(Beginning of Entries provided)

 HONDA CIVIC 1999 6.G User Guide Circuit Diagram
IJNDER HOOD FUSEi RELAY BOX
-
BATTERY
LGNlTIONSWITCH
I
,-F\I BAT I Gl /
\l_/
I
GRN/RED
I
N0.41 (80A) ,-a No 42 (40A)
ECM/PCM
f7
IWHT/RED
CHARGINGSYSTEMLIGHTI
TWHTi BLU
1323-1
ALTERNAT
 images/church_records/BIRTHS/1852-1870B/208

(End of Entries provided)
(Beginning of Entries provided)

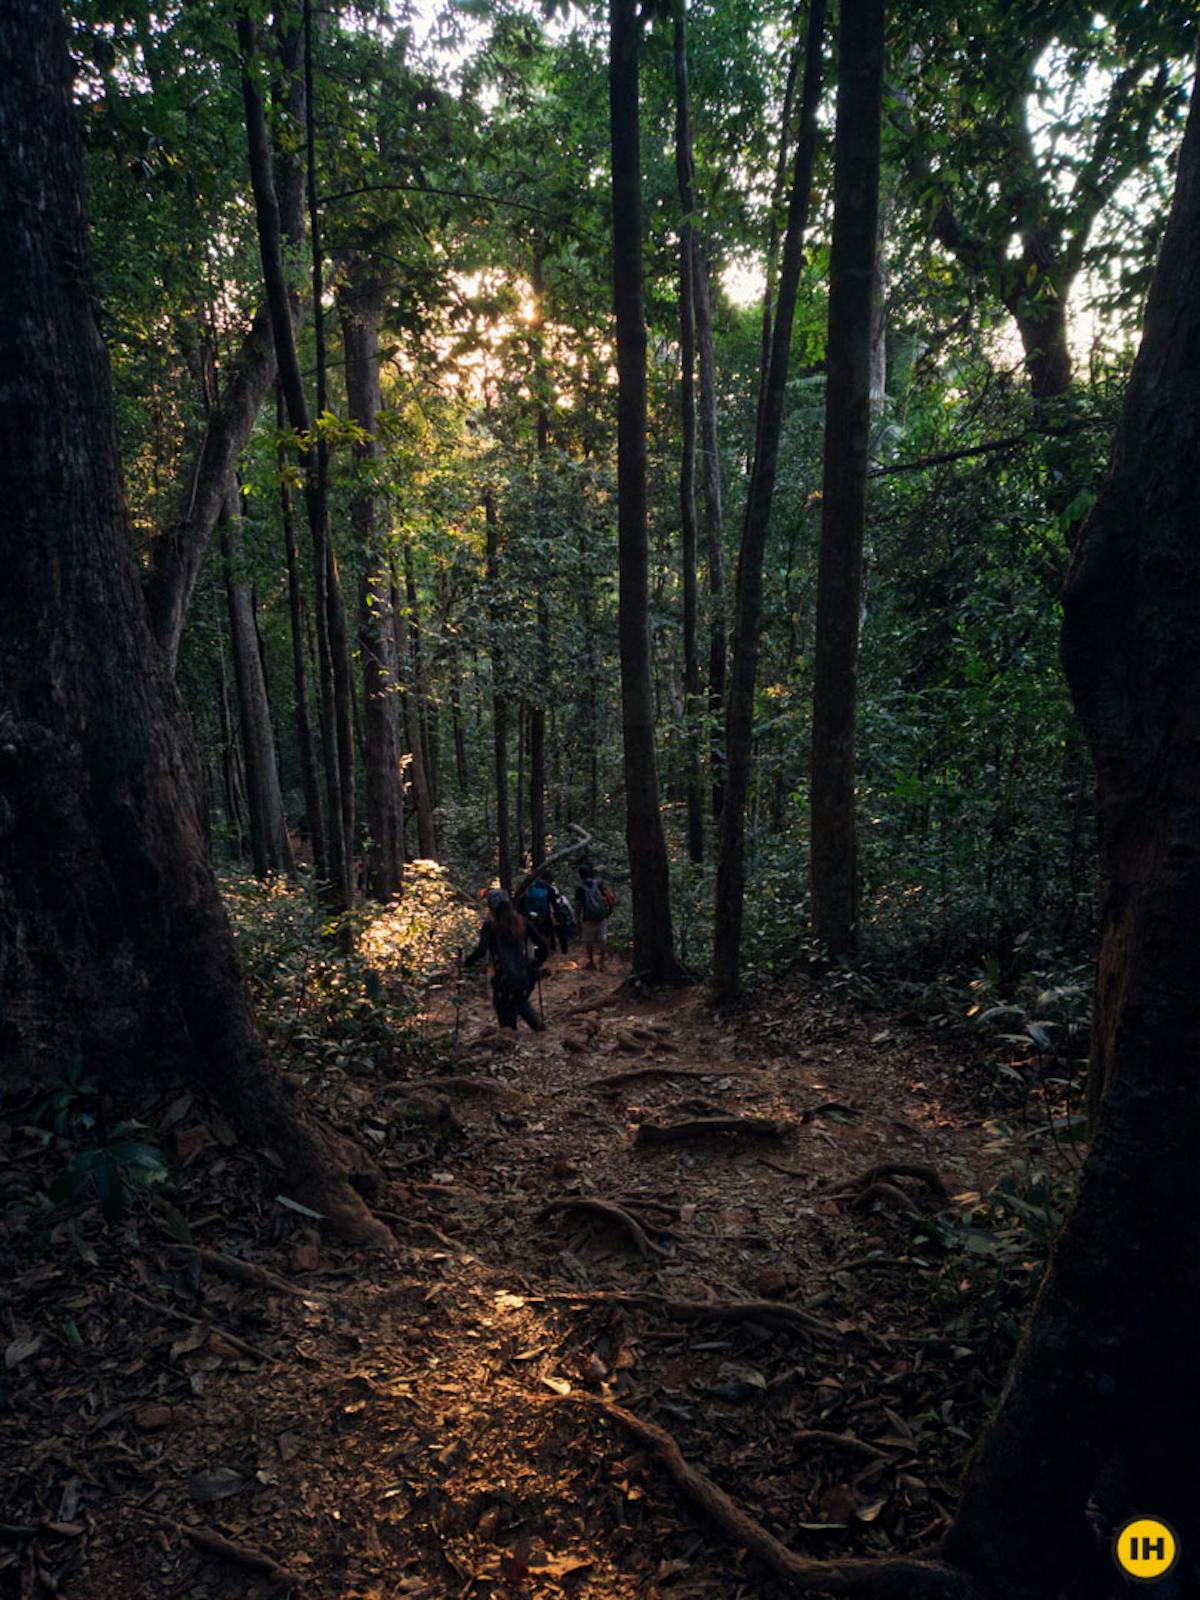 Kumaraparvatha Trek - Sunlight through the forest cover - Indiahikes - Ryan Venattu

(End of Entries provided)
(Beginning of Entries provided)

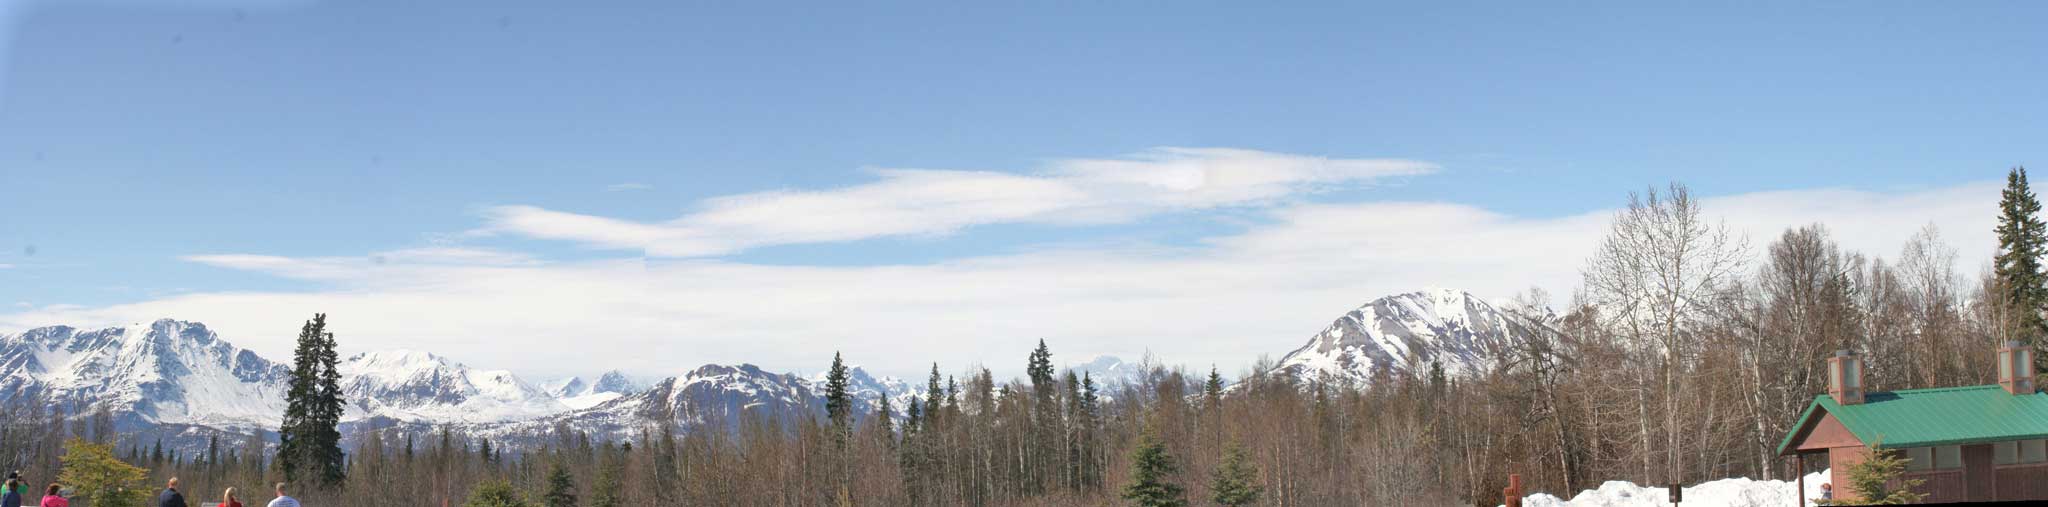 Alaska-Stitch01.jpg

(End of Entries provided)

■ Your assignment: Scan the listing above for the line that has "HONDA CIVIC 1999", then copy exactly from that line through the line that has "images/church_records/BIRTHS/1852-1870B/208".

■ Answer to this task:
 HONDA CIVIC 1999 6.G User Guide Circuit Diagram
IJNDER HOOD FUSEi RELAY BOX
-
BATTERY
LGNlTIONSWITCH
I
,-F\I BAT I Gl /
\l_/
I
GRN/RED
I
N0.41 (80A) ,-a No 42 (40A)
ECM/PCM
f7
IWHT/RED
CHARGINGSYSTEMLIGHTI
TWHTi BLU
1323-1
ALTERNAT
 images/church_records/BIRTHS/1852-1870B/208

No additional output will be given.